About this task: In the entries below, every line with the string "Foto" is to be reported.

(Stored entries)
################

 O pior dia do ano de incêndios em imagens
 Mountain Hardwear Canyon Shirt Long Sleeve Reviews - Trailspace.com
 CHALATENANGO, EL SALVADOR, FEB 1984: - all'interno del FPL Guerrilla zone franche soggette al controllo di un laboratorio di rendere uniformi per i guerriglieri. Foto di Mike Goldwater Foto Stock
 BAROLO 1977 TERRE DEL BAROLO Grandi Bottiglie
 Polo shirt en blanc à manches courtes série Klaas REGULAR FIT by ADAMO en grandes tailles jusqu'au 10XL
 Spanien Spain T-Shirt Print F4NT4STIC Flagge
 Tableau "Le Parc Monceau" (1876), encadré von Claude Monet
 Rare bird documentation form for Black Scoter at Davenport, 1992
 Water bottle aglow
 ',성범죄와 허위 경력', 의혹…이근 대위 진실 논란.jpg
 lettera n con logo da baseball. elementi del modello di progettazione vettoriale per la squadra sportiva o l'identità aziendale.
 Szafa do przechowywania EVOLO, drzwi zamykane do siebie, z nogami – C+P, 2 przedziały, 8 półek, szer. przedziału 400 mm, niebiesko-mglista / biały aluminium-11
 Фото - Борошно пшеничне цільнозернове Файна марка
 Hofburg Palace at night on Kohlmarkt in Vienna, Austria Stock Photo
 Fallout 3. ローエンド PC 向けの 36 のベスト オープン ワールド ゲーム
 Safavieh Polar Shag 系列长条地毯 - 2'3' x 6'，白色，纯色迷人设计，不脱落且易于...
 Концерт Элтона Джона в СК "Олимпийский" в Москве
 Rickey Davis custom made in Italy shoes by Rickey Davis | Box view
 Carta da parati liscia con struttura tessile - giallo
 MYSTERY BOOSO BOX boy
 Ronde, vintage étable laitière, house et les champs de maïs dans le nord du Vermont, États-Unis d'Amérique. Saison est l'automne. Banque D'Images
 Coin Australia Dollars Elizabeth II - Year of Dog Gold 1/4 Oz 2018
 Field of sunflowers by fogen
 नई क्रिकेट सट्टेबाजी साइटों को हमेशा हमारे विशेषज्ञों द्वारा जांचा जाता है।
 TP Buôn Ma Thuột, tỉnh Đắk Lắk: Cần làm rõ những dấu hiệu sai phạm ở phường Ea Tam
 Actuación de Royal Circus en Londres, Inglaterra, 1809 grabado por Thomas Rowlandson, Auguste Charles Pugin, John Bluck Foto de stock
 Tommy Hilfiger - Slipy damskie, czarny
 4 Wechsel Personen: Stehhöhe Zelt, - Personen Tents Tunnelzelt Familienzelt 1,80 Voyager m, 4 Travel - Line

################

Exercise output:
 CHALATENANGO, EL SALVADOR, FEB 1984: - all'interno del FPL Guerrilla zone franche soggette al controllo di un laboratorio di rendere uniformi per i guerriglieri. Foto di Mike Goldwater Foto Stock
 Actuación de Royal Circus en Londres, Inglaterra, 1809 grabado por Thomas Rowlandson, Auguste Charles Pugin, John Bluck Foto de stock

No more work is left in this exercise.